The instruction LDC loads data from memory into the co-processor register, while STC saves data from a co-processor register to memory.
The ARM should supply the address, the co-processor accepts the data and controls how much is transferred.

   LDC    <co-pro>, <co-pro reg>, <address>
   LDCL   <co-pro>, <co-pro reg>, <address>
   STC    <co-pro>, <co-pro reg>, <address>
   STCL   <co-pro>, <co-pro reg>, <address>

If the 'L' flag is specified, a long transfer is performed. Otherwise a short transfer is performed. The 'L' flag follows the extension, like LDCEQL.
The address is an expression which results in an address being generated, so examples of which are:

   [Rx]
   [Rx, #x] !
   [Rx], #x

These are like those used for the LDR instruction. However they are only eight bits wide and specify word offsets (the ARM types are 12 bit and byte offset).
What happens is the 8 bit unsigned offset is shifted left two bits and added or subtracted from the base register, this may be done before or after the base is used as the transfer address. The new base value can be written back, or left unmodified.
The next difference is that post-indexed addressing requires explicit setting of the W bit of the instruction (unlike LDR/STR which always does it when post-indexed). You set the 'W' bit with the '!' flag, like STR CP0, CR1, [R2, #16]!.
The base register is used for the first transfer. If there are any further transfers, the base will be incremented by one word for each of those additional transfers.

CDP

The instruction CDP instructs the co-processor to do some processing. It takes the form:

   CDP    <co-pro>, <co-pro reg1>, <co-pro reg2>, <co-pro reg3>, <op>

This tells the co-processor to do something.

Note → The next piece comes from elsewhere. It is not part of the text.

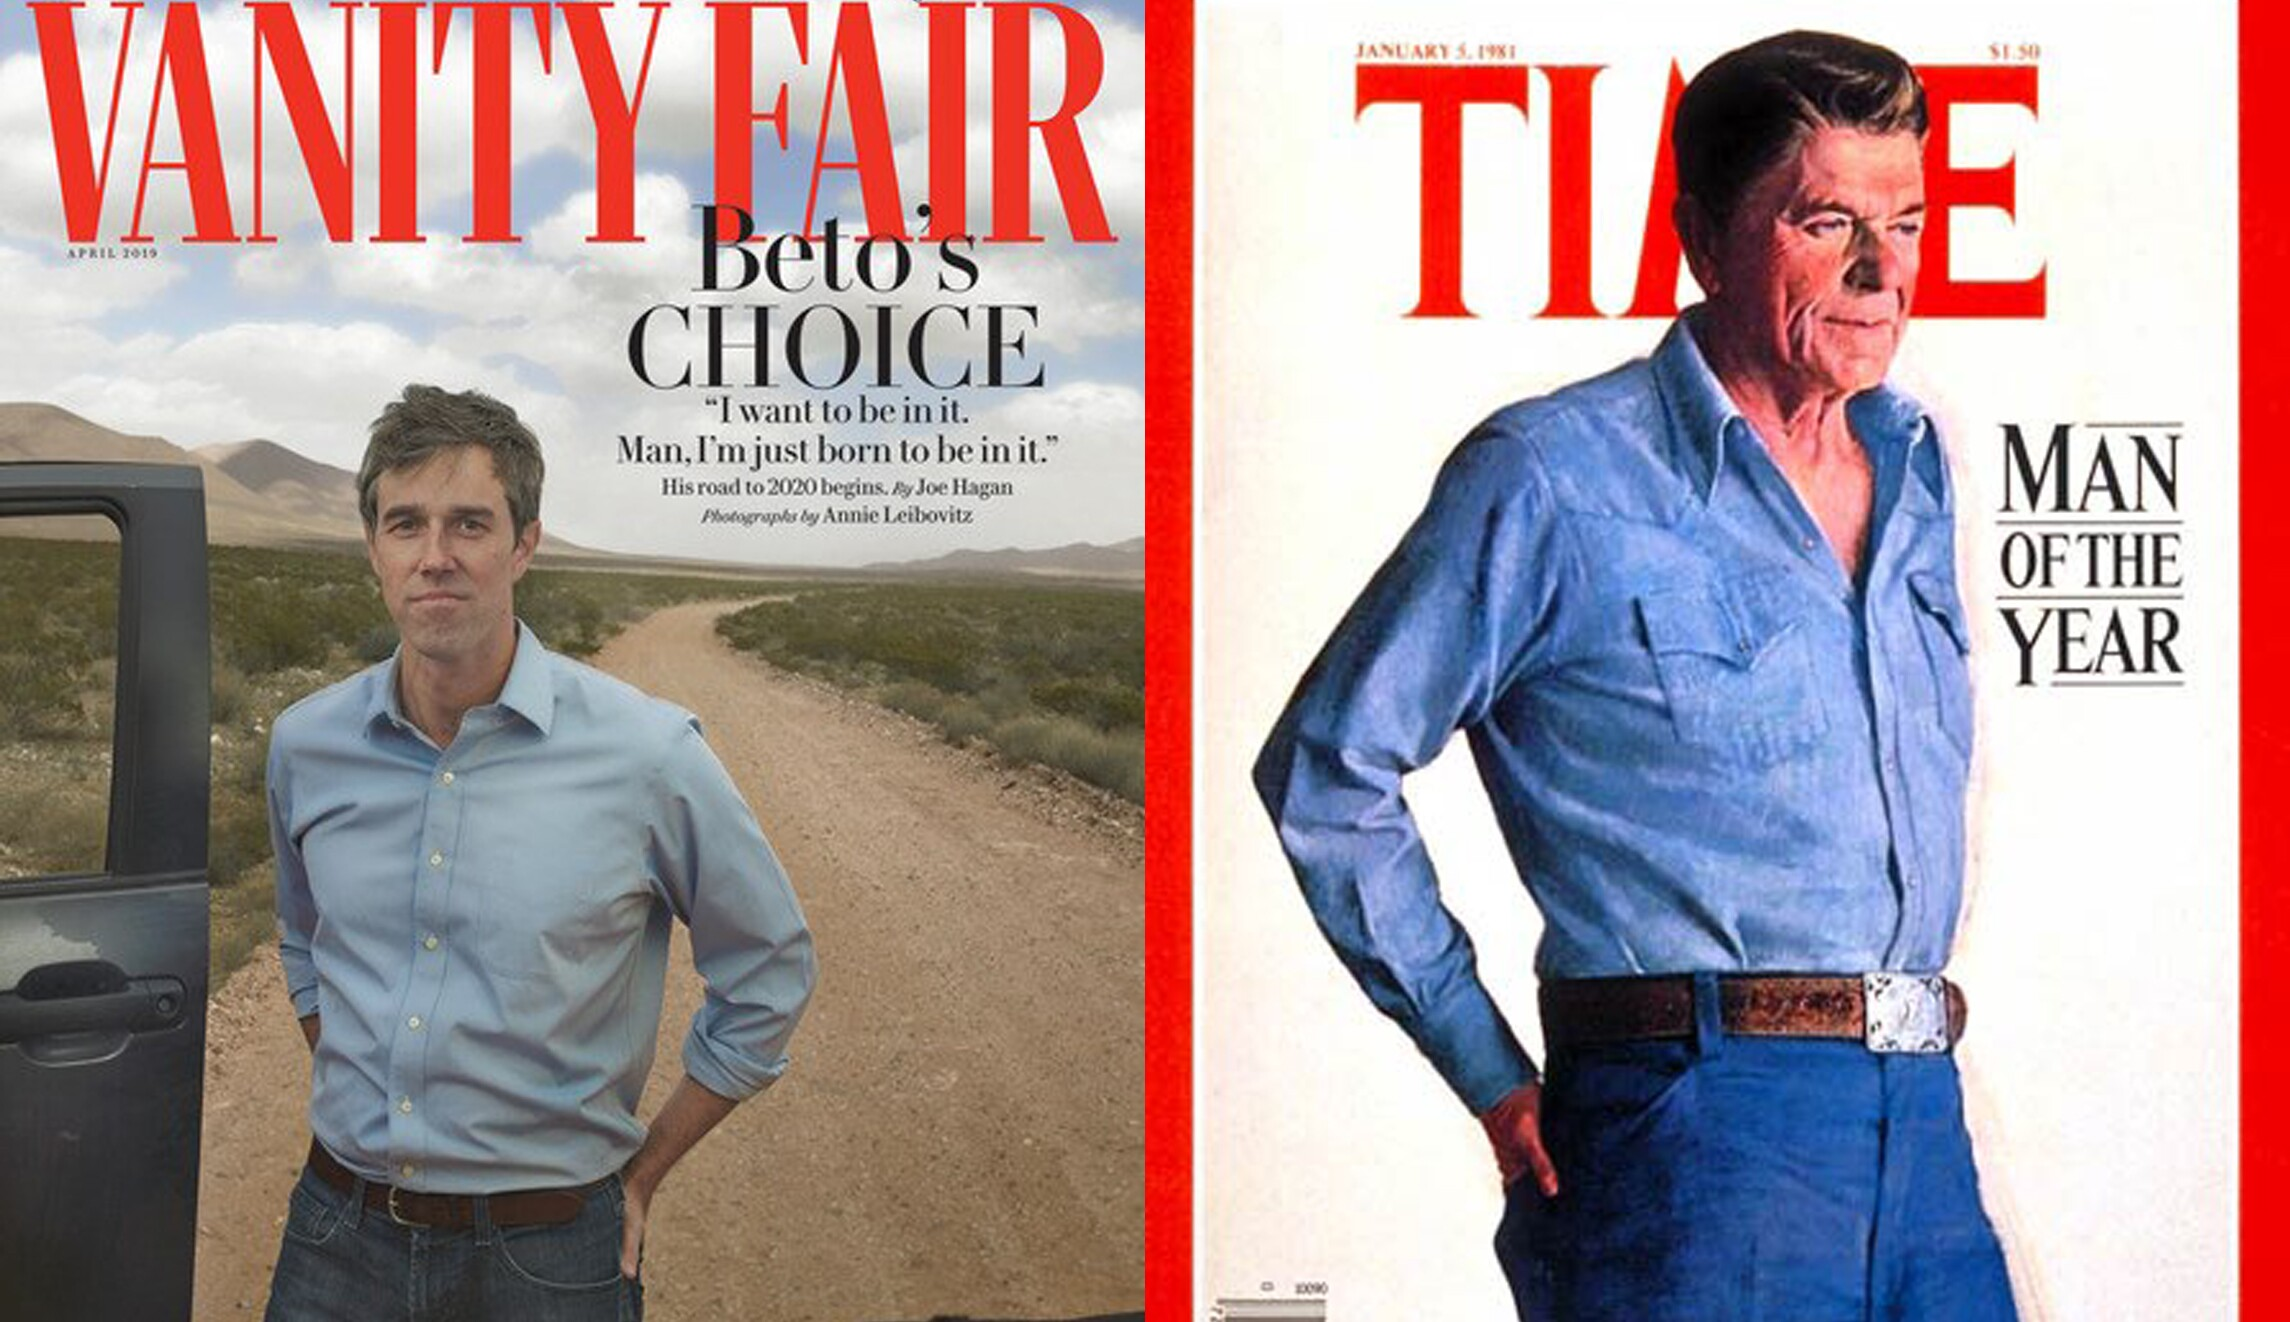 The new Reagan? Leibovitz photo of Beto O'Rourke echoes iconic portrait of GOP president

The ARM will not wait for it to finish, nor is any sort of status sent back to the ARM. It is possible for a co-processor to maintain a queue of instructions, allowing it and the ARM to process in parallel.
A variant of this may be obtained with the floating point hardware; while it does not (to my knowledge) support a queue of instructions, it is true that the ARM will await the FPU to finish an operation before providing the next. With careful coding, it would therefore be possible to get the ARM to do some sort of processing (a few instructions) in between sending an instruction to the FPU and reading it's result back.
So instead of:

   FLTE    F0, R0
   FLTE    F1, R1
   MUFE    F2, F0, F1
   FIX     R0, F2
   MOV     R1, #0

you could save a small amount of time with:

   FLTE    F0, R0
   FLTE    F1, R1
   MUFE    F2, F0, F1
   MOV     R1, #0
   FIX     R0, F2

as the FPU could be finishing the MUF while you MOV. The hardware FPU (as in the 7500FE) runs asynchronous - you can switch to synchronous by setting a bit in the FPSR. The software emulation always runs synchronously, and as it uses the ARM in order to emulate the FP instructions, there is no possible advantage to be gained.
Obviously the above example is somewhat contrived. However it is only an example. Real life code, such an an MP3 decoder, could well benefit from careful arrangement of code.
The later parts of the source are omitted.